Artpop: Action Painting Pro

action painting pro
Auf den ersten flüchtigen Blick könnte man Action Painting Pro von Ian MacLarty als typischen PC-Indieplattformer mit einem netten Konzept für die Spielmechanik und etwas schwammiger Steuerung halten. Drei permanent abnehmende Energiebalken, die sich nur durch Aufsammeln unterschiedlich farbiger Symbole wieder auffüllen lassen und damit einhergehend sich ständig neu anordnende Plattformen sprächen dafür. Seinen wahre Natur als videospielgewordene Jackson-Pollock-Simulation offenbart die Software aber nach dem Kontakt mit dem guten halben Dutzend an weiteren Items. Denn dadurch verwandelt sich das anfangs in schlichter schwarz-weiß-Optik daherkommende Hüpfspielchen zur interaktiven Kunstperformance und lässt die Spielfigur zum Klang- und Zeichenwerkzeug werden, das den sich ständig neu generierenden Klangteppich beeinflusst, Linien hinter sich herzieht, Farbe in diverse Himmelsrichtungen tropfen lässt oder den zur Leinwand gewordenen Bildschirm sonstwie verändert. Doch mit genau diesem Spagat zwischen Spielspaß und Kunst steht sich das Nongame-Game teilweise selbst im Weg. Während man sich mit der Zeit an die trägen Kontrollen gewöhnt hat und sich über die ästhetische Qualität der „erspielten“ Bilder zumindest streiten lässt verkommt der Sound weitestgehend zur unerträglichen Kakophonie und lässt den Lautstärkeregler gen Nullstellung wandern. Und auch wenn der Entwickler nach eigenen Aussagen die erzeugten Grafiken als alternatives Belohnungssystem an Stelle von Punkten ersonnen hat könnte der Titel durchaus von diesen klassischen Spielkonzept profitieren, zumal er eben an anderer Stelle stark auf das konventionelle Regelwerk des Jump-and-Run Genres setzt. In Anlehnung an Super Crate Box wäre beispielsweise ein Wertungssystem je aufgesammelten Gegenstand denkbar – Die erschaffenen Bilder würden dann als Visualisierung des erspielten Ranges zusammen mit dem Highscore auf einer Webseite präsentiert werden. Was ist schließlich Kunst ohne den Betrachter?
Nichts desto trotz übt Action Painting Pro als gelungenes Kunst-Experiment eine nahezu hypnotische Faszination aus und spornt in der Hoffnung auf die Erschaffung eines einmaligen Meisterwerks zu immer neuen Durchläufen an.

Paul Koller Interview

8bit-ninja im Interview mit Paul Koller.

Paul Koller8bit-ninja: Stell dich doch bitte einmal vor.

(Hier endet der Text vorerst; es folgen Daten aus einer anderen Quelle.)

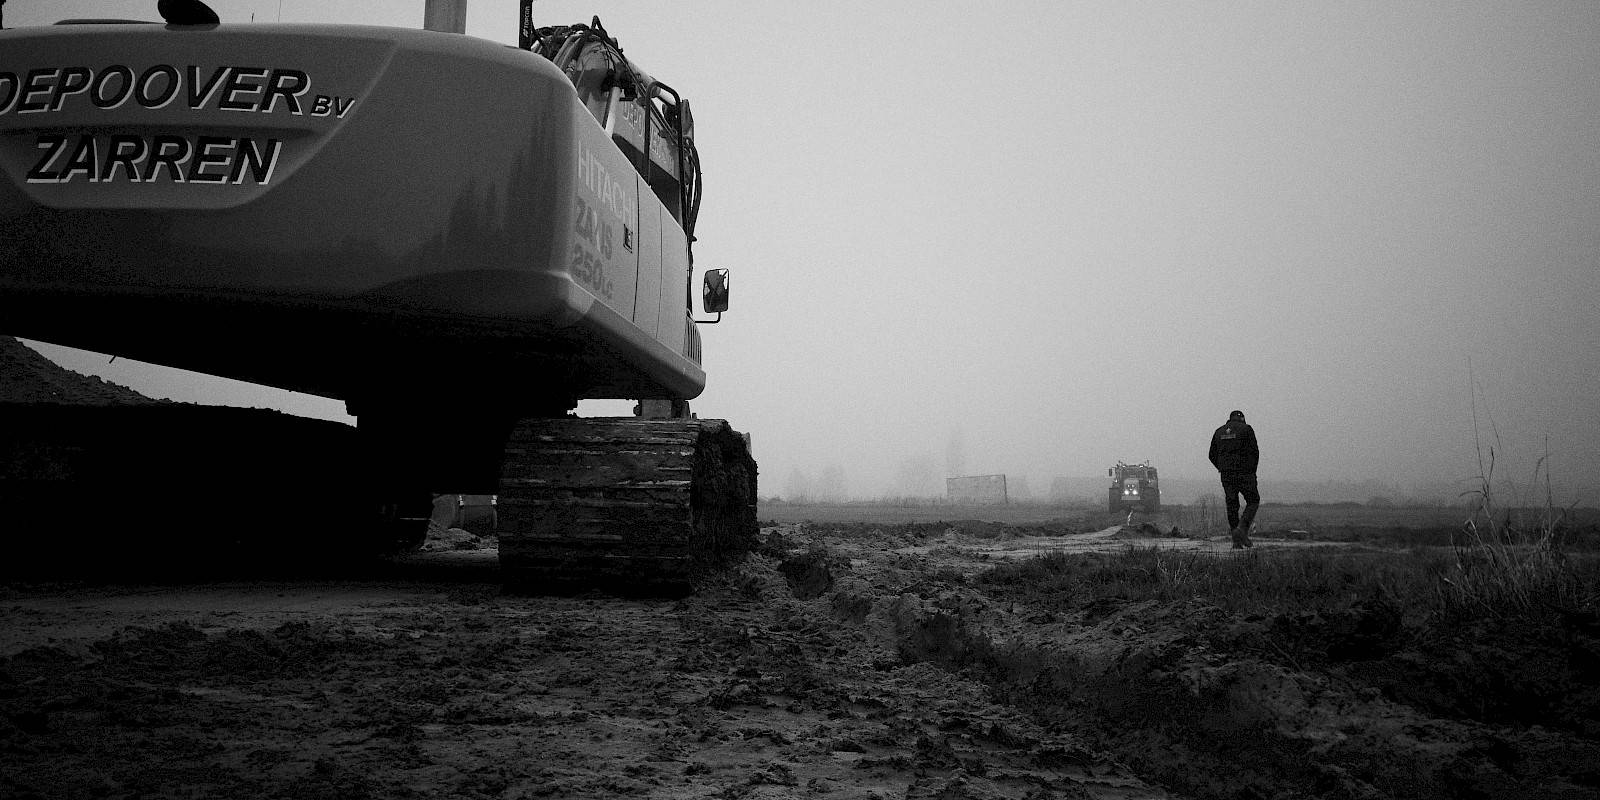 Photographie en noir et blanc d'une grue excavatrice dans un champ, avec un ouvrier et un tracteur à l'arrière-plan

Paul Koller: Mein Name ist Paul Koller, ich bin 37 Jahre alt und entwickle in meiner Freizeit Spiele für den C64.

8bit-ninja: Du bist hauptsächlich für deine C64 Versionen von canabalt, VVVVV, super crate box und super hexagon bekannt. Was macht für dich den größten Reiz an der Portierung von Indiespielen auf den Commodore 64 aus und wie gehst du bei der Wahl eines passenden Titels vor?

Paul Koller: Der Reiz besteht für mich hauptsächlich in der technischen Herausforderung, die Essenz eines modernen Spiels auf eine Plattform zu übertragen, die nur einen Bruchteil der Fähigkeiten des ursprünglichen Systems bereitstellt. Darüber hinaus gibt es in aktuellen Indietiteln viele neue interessante Spielideen, die nicht unbedingt die technischen Fähigkeiten der Plattformen benötigen, auf denen sie laufen. Somit kann ich etwas Neues auf den 30 Jahre alten Computer bringen, mit dem ich aufgewachsen bin. Genau so wähle ich auch meine Spiele aus, sprich ich suche einen Titel mit einem interessanten Konzept, das es damals noch nicht gab und dessen Portierung sich technisch bewerkstelligen lässt, beispielsweise nichts mit komplexer 3D Grafik.

8bit-ninja: Und wie eng arbeitest du mit den Entwickler der ursprünglichen Spiele zusammen?

Paul Koller: Üblicherweise sind diese erst recht spät involviert, wenn das Spiel bereits in einem fortgeschrittenen Stadium ist, bei dem ich mir sicher bin, dass ich es auch fertigstellen kann. Die meisten Entwickler freuen sich sehr über die Ports, obwohl sich ihr Beitrag häufig auf das Coverdesign (C64anabalt) oder auf Q&As (SuperBreadBox) beschränkt.

8bit-ninja: Wäre es für dich auch mal interessant, ein Spiel komplett von Grund auf zu entwickeln, anstatt ein bestehendes zu portieren?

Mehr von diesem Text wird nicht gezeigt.